> What to produce
Which lines in the records below include the word "wrench"? Report each of them in full.

[Source data]
[Start of section]

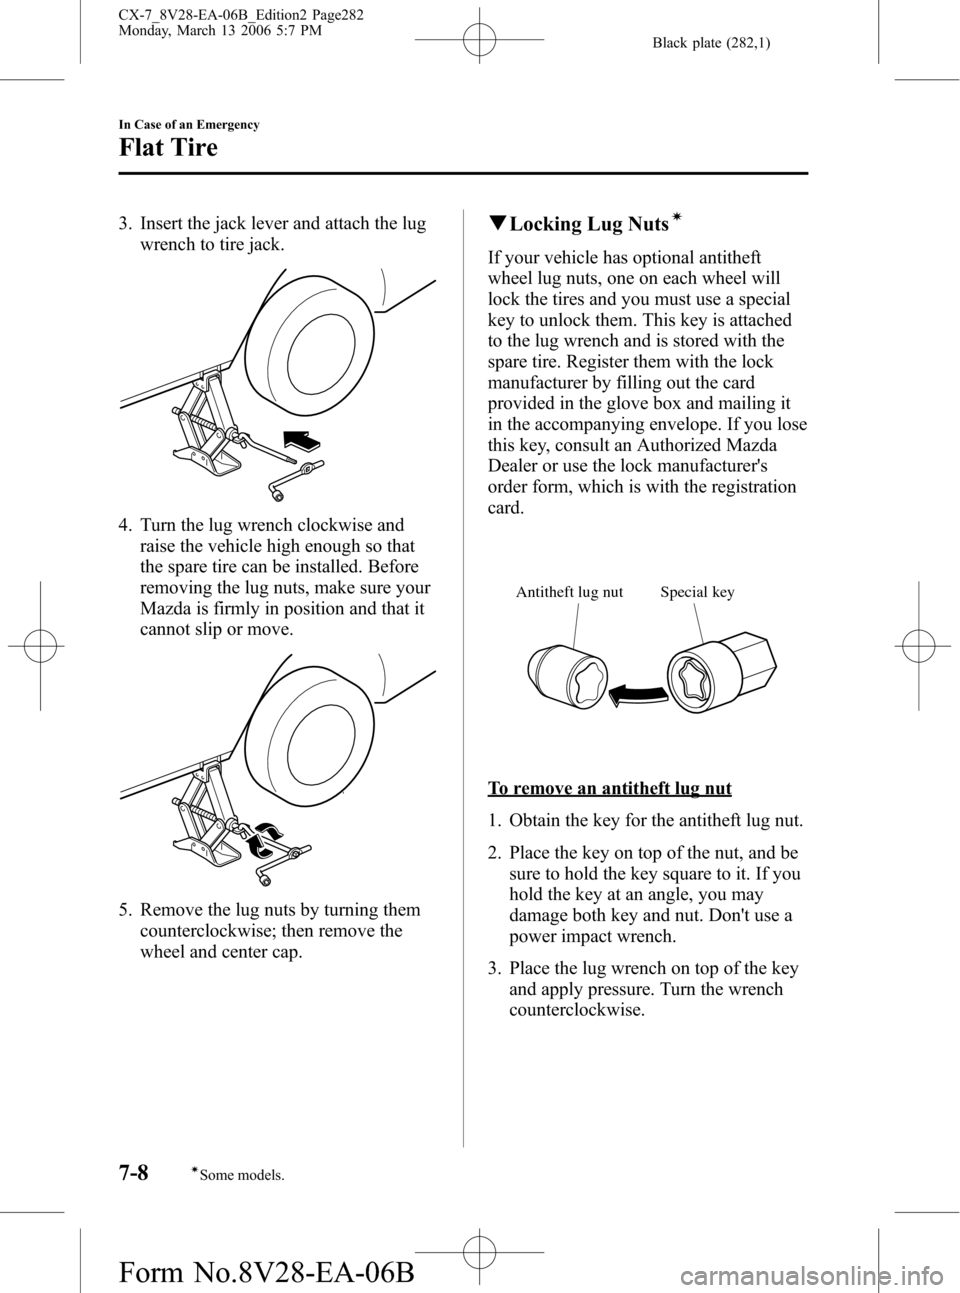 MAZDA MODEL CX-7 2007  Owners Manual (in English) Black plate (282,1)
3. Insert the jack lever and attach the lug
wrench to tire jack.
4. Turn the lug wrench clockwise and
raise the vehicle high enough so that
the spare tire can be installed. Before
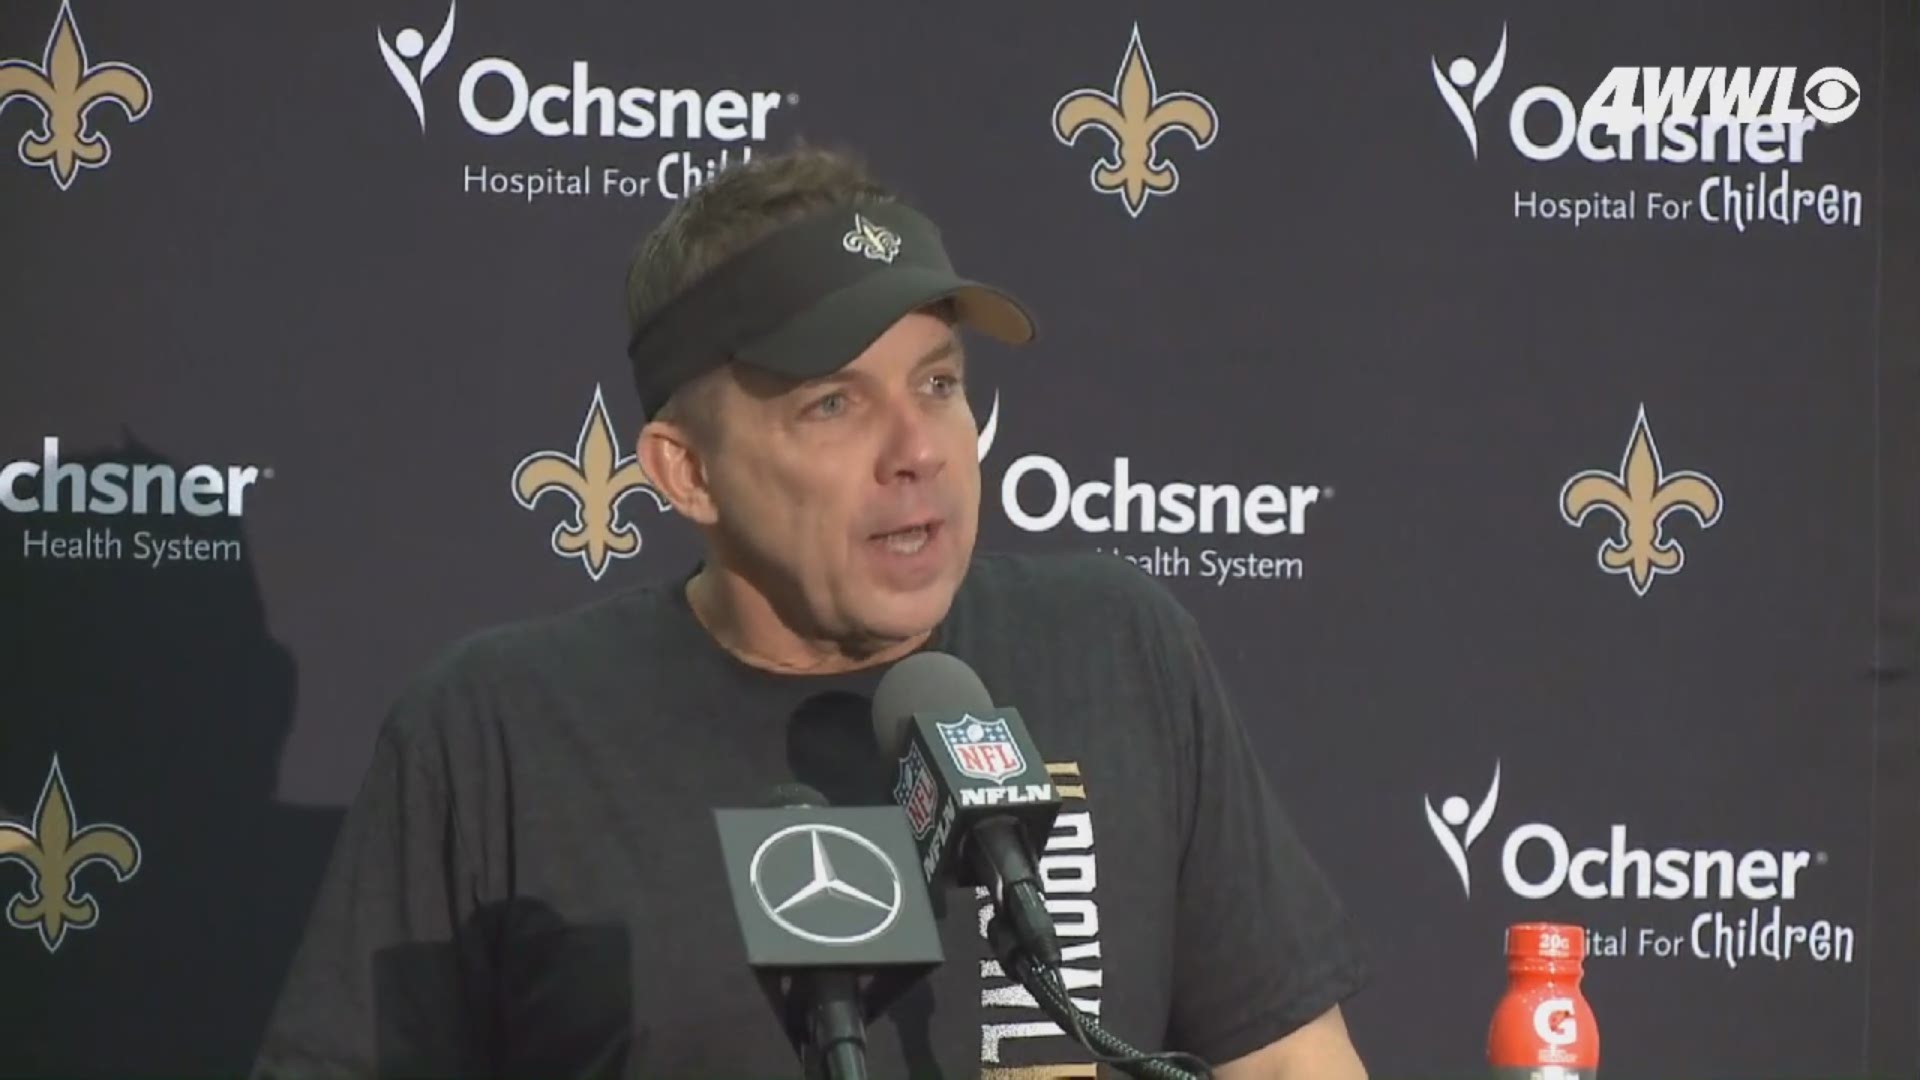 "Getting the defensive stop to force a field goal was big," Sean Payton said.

[End of section]

> Exercise output
wrench to tire jack.
4. Turn the lug wrench clockwise and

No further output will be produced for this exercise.